**Given data**
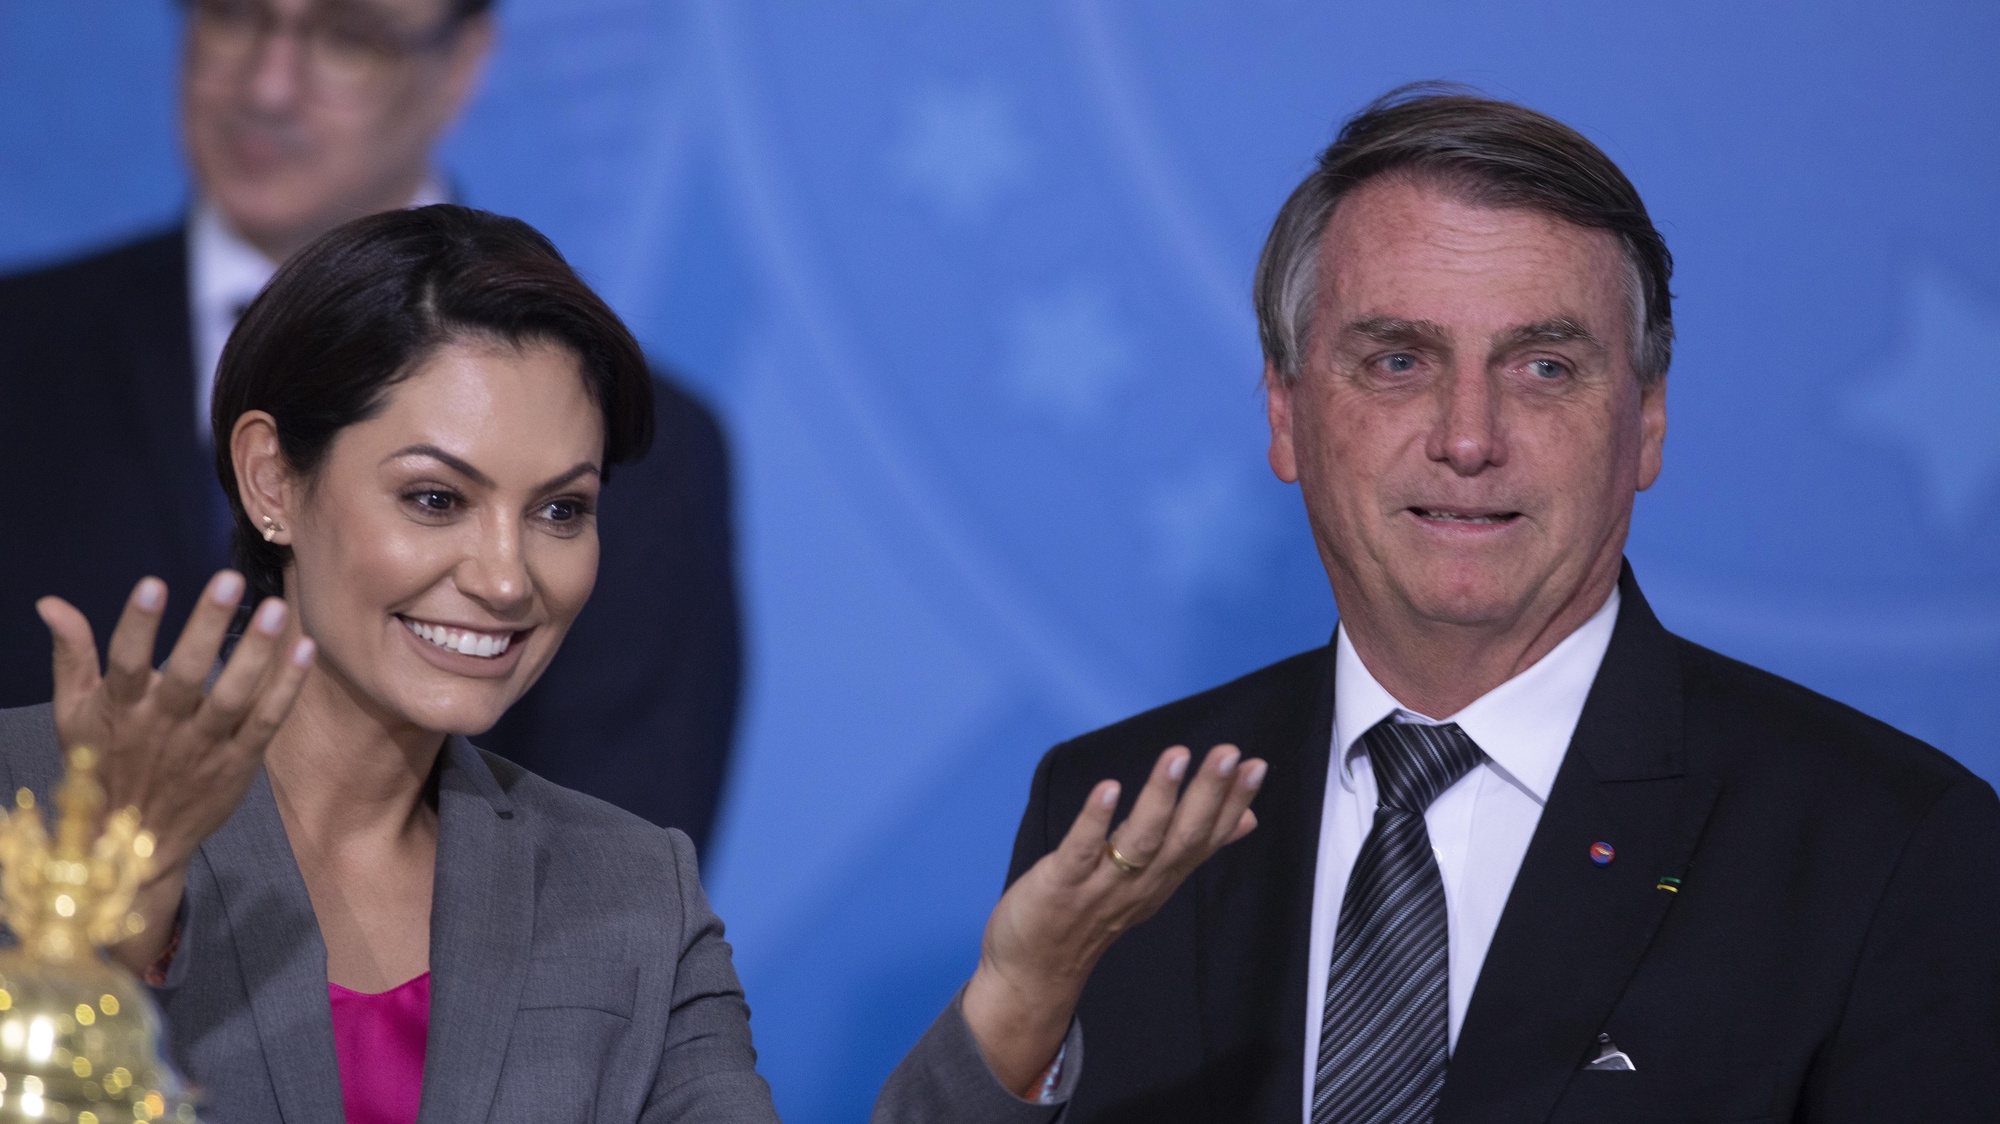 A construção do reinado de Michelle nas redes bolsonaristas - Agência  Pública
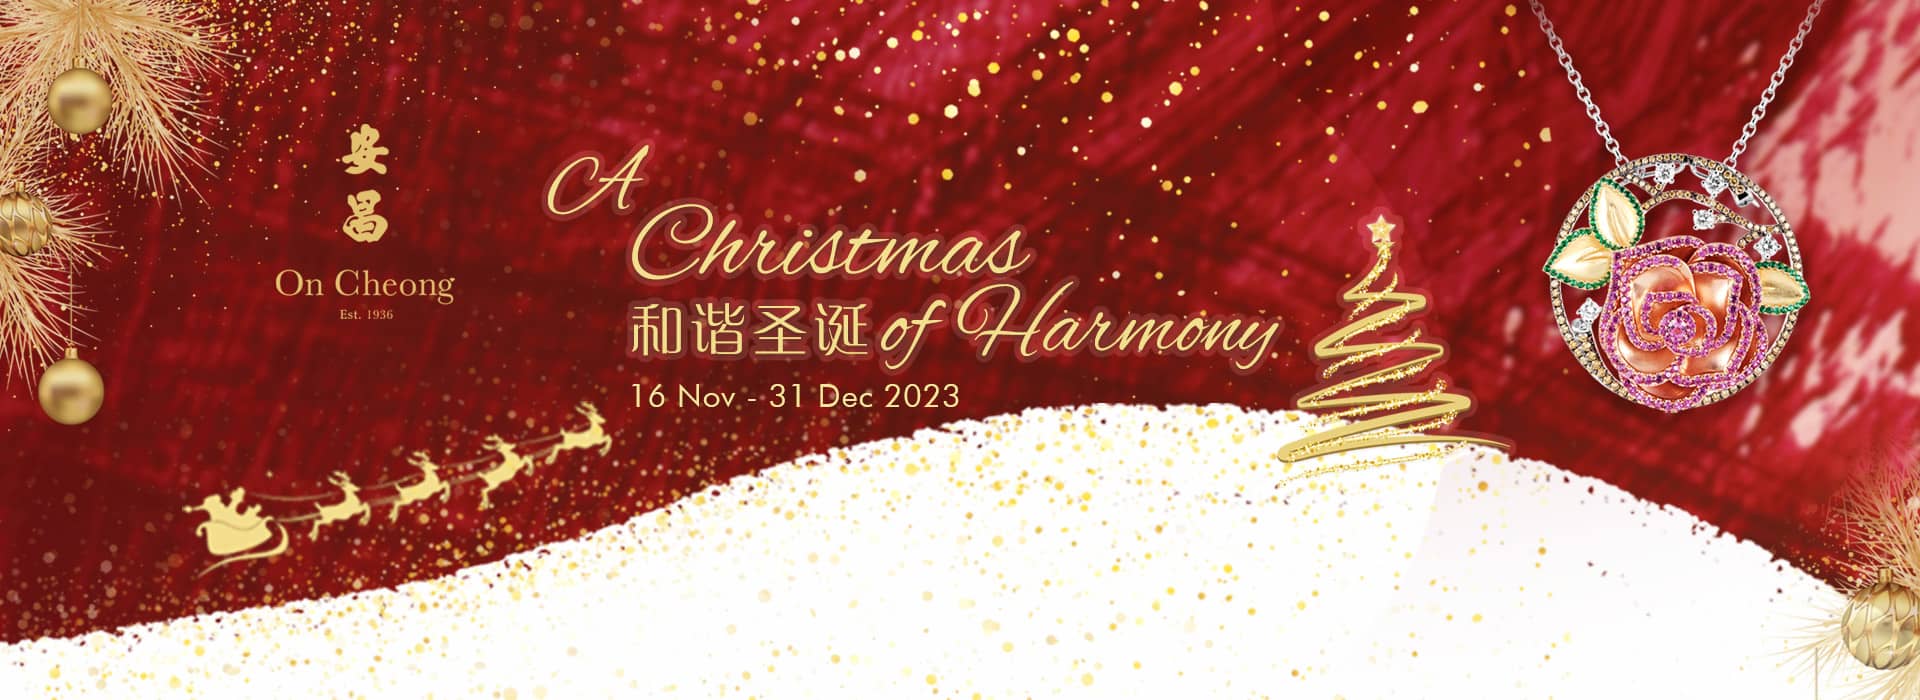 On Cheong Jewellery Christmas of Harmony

...

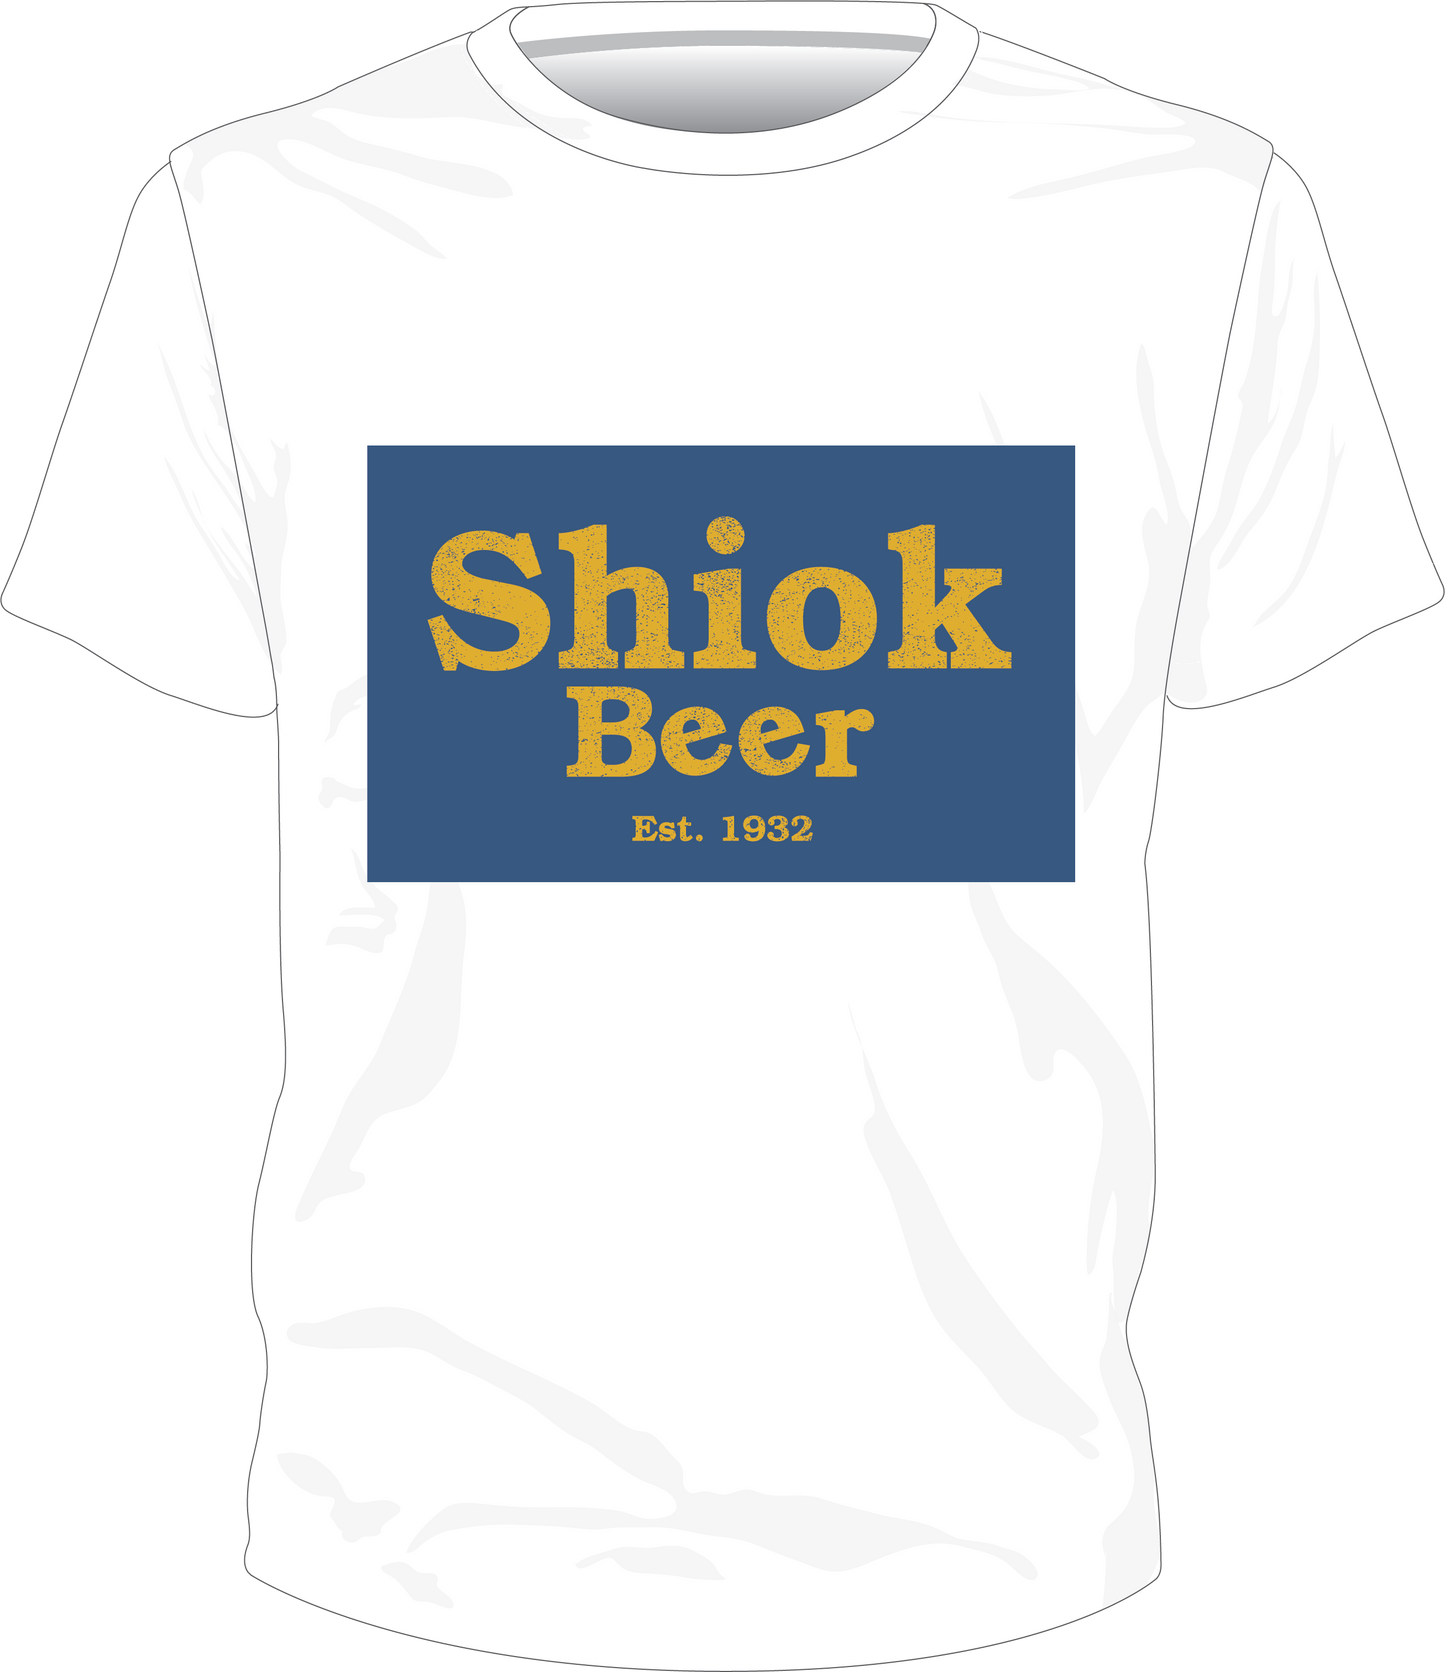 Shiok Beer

**Exercise**
Repeat exactly the stretch of the listing above that starts with the line holding "A construção do" and finishes with the line holding "On Cheong Jewellery Christmas of Harmony", both included. Skip every picture.

**Exercise answer**
 A construção do reinado de Michelle nas redes bolsonaristas - Agência  Pública
 On Cheong Jewellery Christmas of Harmony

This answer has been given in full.